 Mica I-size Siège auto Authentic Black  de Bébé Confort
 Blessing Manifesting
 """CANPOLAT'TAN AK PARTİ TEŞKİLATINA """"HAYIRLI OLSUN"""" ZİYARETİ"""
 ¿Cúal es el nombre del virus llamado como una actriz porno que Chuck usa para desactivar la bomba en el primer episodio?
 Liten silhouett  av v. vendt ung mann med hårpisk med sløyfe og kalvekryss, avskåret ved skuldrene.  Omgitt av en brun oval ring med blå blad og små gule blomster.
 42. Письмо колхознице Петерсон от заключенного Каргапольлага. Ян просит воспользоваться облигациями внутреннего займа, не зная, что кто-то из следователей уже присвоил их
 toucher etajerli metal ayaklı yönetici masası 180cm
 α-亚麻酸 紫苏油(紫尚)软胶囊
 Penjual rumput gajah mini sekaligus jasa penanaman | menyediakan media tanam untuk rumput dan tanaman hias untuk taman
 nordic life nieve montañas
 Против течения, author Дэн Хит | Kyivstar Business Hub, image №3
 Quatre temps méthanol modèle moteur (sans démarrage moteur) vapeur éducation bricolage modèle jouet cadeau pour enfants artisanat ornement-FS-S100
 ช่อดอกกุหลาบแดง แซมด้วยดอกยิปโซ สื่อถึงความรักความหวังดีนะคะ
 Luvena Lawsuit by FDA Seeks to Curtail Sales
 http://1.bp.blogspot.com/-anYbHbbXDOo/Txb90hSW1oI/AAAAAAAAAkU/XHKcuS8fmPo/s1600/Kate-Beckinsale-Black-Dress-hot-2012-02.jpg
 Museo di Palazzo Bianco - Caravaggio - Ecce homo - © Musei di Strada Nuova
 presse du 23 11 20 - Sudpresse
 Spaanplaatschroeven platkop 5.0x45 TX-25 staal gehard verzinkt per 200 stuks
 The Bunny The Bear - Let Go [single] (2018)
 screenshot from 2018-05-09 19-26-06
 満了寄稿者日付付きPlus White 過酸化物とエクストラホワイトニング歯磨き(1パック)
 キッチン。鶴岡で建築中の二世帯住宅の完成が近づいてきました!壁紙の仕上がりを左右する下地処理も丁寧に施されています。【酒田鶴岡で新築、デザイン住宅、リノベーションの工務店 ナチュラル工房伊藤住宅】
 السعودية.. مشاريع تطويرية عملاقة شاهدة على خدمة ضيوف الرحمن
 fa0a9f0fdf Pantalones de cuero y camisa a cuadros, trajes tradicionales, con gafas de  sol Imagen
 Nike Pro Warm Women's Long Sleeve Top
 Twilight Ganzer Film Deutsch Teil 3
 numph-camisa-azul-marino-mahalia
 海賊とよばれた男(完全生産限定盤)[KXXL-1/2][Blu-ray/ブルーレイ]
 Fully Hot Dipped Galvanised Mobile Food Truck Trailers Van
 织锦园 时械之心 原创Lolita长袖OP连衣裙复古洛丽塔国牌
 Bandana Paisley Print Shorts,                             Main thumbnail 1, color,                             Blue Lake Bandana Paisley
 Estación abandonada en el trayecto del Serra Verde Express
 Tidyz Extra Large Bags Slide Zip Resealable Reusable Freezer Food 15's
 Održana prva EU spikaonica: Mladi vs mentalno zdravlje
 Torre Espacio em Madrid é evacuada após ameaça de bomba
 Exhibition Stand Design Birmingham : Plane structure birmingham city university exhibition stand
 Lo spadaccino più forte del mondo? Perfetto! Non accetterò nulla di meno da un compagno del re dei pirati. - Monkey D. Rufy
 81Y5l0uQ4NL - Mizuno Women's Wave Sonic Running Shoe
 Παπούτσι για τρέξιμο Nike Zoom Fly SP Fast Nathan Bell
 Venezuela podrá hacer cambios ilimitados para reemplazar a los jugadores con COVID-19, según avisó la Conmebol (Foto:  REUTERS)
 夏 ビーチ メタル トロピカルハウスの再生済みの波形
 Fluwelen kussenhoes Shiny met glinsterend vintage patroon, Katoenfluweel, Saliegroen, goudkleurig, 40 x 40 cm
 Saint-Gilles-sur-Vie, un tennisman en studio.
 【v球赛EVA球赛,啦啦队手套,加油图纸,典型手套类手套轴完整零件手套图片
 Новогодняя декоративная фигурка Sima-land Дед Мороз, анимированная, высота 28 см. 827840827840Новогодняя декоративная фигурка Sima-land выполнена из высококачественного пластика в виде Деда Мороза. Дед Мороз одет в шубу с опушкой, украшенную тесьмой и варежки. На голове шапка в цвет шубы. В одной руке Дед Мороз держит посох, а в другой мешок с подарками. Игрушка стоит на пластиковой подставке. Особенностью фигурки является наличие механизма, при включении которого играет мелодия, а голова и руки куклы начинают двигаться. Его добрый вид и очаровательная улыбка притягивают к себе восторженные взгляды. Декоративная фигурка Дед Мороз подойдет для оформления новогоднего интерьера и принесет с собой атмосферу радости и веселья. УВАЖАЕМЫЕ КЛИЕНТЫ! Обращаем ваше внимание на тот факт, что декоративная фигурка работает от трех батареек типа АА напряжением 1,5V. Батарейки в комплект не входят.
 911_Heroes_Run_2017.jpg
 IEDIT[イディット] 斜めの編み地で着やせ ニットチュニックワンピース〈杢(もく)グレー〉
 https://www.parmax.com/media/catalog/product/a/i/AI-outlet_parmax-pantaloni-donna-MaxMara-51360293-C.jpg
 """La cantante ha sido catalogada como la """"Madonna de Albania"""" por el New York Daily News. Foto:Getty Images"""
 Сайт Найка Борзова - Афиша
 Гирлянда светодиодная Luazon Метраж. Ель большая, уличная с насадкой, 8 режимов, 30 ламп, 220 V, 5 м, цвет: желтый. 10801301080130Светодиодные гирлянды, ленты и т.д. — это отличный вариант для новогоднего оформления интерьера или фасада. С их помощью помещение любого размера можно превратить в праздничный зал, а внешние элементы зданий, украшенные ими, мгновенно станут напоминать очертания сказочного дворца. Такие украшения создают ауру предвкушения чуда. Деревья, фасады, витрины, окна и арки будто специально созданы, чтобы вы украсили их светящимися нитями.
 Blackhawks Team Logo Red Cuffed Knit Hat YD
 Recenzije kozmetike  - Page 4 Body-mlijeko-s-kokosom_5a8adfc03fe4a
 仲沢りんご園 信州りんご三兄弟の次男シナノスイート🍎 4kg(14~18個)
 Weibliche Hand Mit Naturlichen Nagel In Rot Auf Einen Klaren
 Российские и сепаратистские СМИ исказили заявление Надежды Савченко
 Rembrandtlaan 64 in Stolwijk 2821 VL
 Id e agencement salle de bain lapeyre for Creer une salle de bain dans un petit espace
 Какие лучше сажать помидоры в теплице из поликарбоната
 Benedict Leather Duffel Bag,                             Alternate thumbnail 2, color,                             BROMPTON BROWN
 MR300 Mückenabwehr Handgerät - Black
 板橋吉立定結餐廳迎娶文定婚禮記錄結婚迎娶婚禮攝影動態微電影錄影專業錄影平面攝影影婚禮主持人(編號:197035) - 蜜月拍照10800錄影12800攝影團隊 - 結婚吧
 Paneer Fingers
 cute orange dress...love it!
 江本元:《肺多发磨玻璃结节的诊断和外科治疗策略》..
- - - - -
_Problem statement_. Nothing in the data may differ; print all of it exactly as written.

_Result of this exercise_.
 Mica I-size Siège auto Authentic Black  de Bébé Confort
 Blessing Manifesting
 """CANPOLAT'TAN AK PARTİ TEŞKİLATINA """"HAYIRLI OLSUN"""" ZİYARETİ"""
 ¿Cúal es el nombre del virus llamado como una actriz porno que Chuck usa para desactivar la bomba en el primer episodio?
 Liten silhouett  av v. vendt ung mann med hårpisk med sløyfe og kalvekryss, avskåret ved skuldrene.  Omgitt av en brun oval ring med blå blad og små gule blomster.
 42. Письмо колхознице Петерсон от заключенного Каргапольлага. Ян просит воспользоваться облигациями внутреннего займа, не зная, что кто-то из следователей уже присвоил их
 toucher etajerli metal ayaklı yönetici masası 180cm
 α-亚麻酸 紫苏油(紫尚)软胶囊
 Penjual rumput gajah mini sekaligus jasa penanaman | menyediakan media tanam untuk rumput dan tanaman hias untuk taman
 nordic life nieve montañas
 Против течения, author Дэн Хит | Kyivstar Business Hub, image №3
 Quatre temps méthanol modèle moteur (sans démarrage moteur) vapeur éducation bricolage modèle jouet cadeau pour enfants artisanat ornement-FS-S100
 ช่อดอกกุหลาบแดง แซมด้วยดอกยิปโซ สื่อถึงความรักความหวังดีนะคะ
 Luvena Lawsuit by FDA Seeks to Curtail Sales
 http://1.bp.blogspot.com/-anYbHbbXDOo/Txb90hSW1oI/AAAAAAAAAkU/XHKcuS8fmPo/s1600/Kate-Beckinsale-Black-Dress-hot-2012-02.jpg
 Museo di Palazzo Bianco - Caravaggio - Ecce homo - © Musei di Strada Nuova
 presse du 23 11 20 - Sudpresse
 Spaanplaatschroeven platkop 5.0x45 TX-25 staal gehard verzinkt per 200 stuks
 The Bunny The Bear - Let Go [single] (2018)
 screenshot from 2018-05-09 19-26-06
 満了寄稿者日付付きPlus White 過酸化物とエクストラホワイトニング歯磨き(1パック)
 キッチン。鶴岡で建築中の二世帯住宅の完成が近づいてきました!壁紙の仕上がりを左右する下地処理も丁寧に施されています。【酒田鶴岡で新築、デザイン住宅、リノベーションの工務店 ナチュラル工房伊藤住宅】
 السعودية.. مشاريع تطويرية عملاقة شاهدة على خدمة ضيوف الرحمن
 fa0a9f0fdf Pantalones de cuero y camisa a cuadros, trajes tradicionales, con gafas de  sol Imagen
 Nike Pro Warm Women's Long Sleeve Top
 Twilight Ganzer Film Deutsch Teil 3
 numph-camisa-azul-marino-mahalia
 海賊とよばれた男(完全生産限定盤)[KXXL-1/2][Blu-ray/ブルーレイ]
 Fully Hot Dipped Galvanised Mobile Food Truck Trailers Van
 织锦园 时械之心 原创Lolita长袖OP连衣裙复古洛丽塔国牌
 Bandana Paisley Print Shorts,                             Main thumbnail 1, color,                             Blue Lake Bandana Paisley
 Estación abandonada en el trayecto del Serra Verde Express
 Tidyz Extra Large Bags Slide Zip Resealable Reusable Freezer Food 15's
 Održana prva EU spikaonica: Mladi vs mentalno zdravlje
 Torre Espacio em Madrid é evacuada após ameaça de bomba
 Exhibition Stand Design Birmingham : Plane structure birmingham city university exhibition stand
 Lo spadaccino più forte del mondo? Perfetto! Non accetterò nulla di meno da un compagno del re dei pirati. - Monkey D. Rufy
 81Y5l0uQ4NL - Mizuno Women's Wave Sonic Running Shoe
 Παπούτσι για τρέξιμο Nike Zoom Fly SP Fast Nathan Bell
 Venezuela podrá hacer cambios ilimitados para reemplazar a los jugadores con COVID-19, según avisó la Conmebol (Foto:  REUTERS)
 夏 ビーチ メタル トロピカルハウスの再生済みの波形
 Fluwelen kussenhoes Shiny met glinsterend vintage patroon, Katoenfluweel, Saliegroen, goudkleurig, 40 x 40 cm
 Saint-Gilles-sur-Vie, un tennisman en studio.
 【v球赛EVA球赛,啦啦队手套,加油图纸,典型手套类手套轴完整零件手套图片
 Новогодняя декоративная фигурка Sima-land Дед Мороз, анимированная, высота 28 см. 827840827840Новогодняя декоративная фигурка Sima-land выполнена из высококачественного пластика в виде Деда Мороза. Дед Мороз одет в шубу с опушкой, украшенную тесьмой и варежки. На голове шапка в цвет шубы. В одной руке Дед Мороз держит посох, а в другой мешок с подарками. Игрушка стоит на пластиковой подставке. Особенностью фигурки является наличие механизма, при включении которого играет мелодия, а голова и руки куклы начинают двигаться. Его добрый вид и очаровательная улыбка притягивают к себе восторженные взгляды. Декоративная фигурка Дед Мороз подойдет для оформления новогоднего интерьера и принесет с собой атмосферу радости и веселья. УВАЖАЕМЫЕ КЛИЕНТЫ! Обращаем ваше внимание на тот факт, что декоративная фигурка работает от трех батареек типа АА напряжением 1,5V. Батарейки в комплект не входят.
 911_Heroes_Run_2017.jpg
 IEDIT[イディット] 斜めの編み地で着やせ ニットチュニックワンピース〈杢(もく)グレー〉
 https://www.parmax.com/media/catalog/product/a/i/AI-outlet_parmax-pantaloni-donna-MaxMara-51360293-C.jpg
 """La cantante ha sido catalogada como la """"Madonna de Albania"""" por el New York Daily News. Foto:Getty Images"""
 Сайт Найка Борзова - Афиша
 Гирлянда светодиодная Luazon Метраж. Ель большая, уличная с насадкой, 8 режимов, 30 ламп, 220 V, 5 м, цвет: желтый. 10801301080130Светодиодные гирлянды, ленты и т.д. — это отличный вариант для новогоднего оформления интерьера или фасада. С их помощью помещение любого размера можно превратить в праздничный зал, а внешние элементы зданий, украшенные ими, мгновенно станут напоминать очертания сказочного дворца. Такие украшения создают ауру предвкушения чуда. Деревья, фасады, витрины, окна и арки будто специально созданы, чтобы вы украсили их светящимися нитями.
 Blackhawks Team Logo Red Cuffed Knit Hat YD
 Recenzije kozmetike  - Page 4 Body-mlijeko-s-kokosom_5a8adfc03fe4a
 仲沢りんご園 信州りんご三兄弟の次男シナノスイート🍎 4kg(14~18個)
 Weibliche Hand Mit Naturlichen Nagel In Rot Auf Einen Klaren
 Российские и сепаратистские СМИ исказили заявление Надежды Савченко
 Rembrandtlaan 64 in Stolwijk 2821 VL
 Id e agencement salle de bain lapeyre for Creer une salle de bain dans un petit espace
 Какие лучше сажать помидоры в теплице из поликарбоната
 Benedict Leather Duffel Bag,                             Alternate thumbnail 2, color,                             BROMPTON BROWN
 MR300 Mückenabwehr Handgerät - Black
 板橋吉立定結餐廳迎娶文定婚禮記錄結婚迎娶婚禮攝影動態微電影錄影專業錄影平面攝影影婚禮主持人(編號:197035) - 蜜月拍照10800錄影12800攝影團隊 - 結婚吧
 Paneer Fingers
 cute orange dress...love it!
 江本元:《肺多发磨玻璃结节的诊断和外科治疗策略》..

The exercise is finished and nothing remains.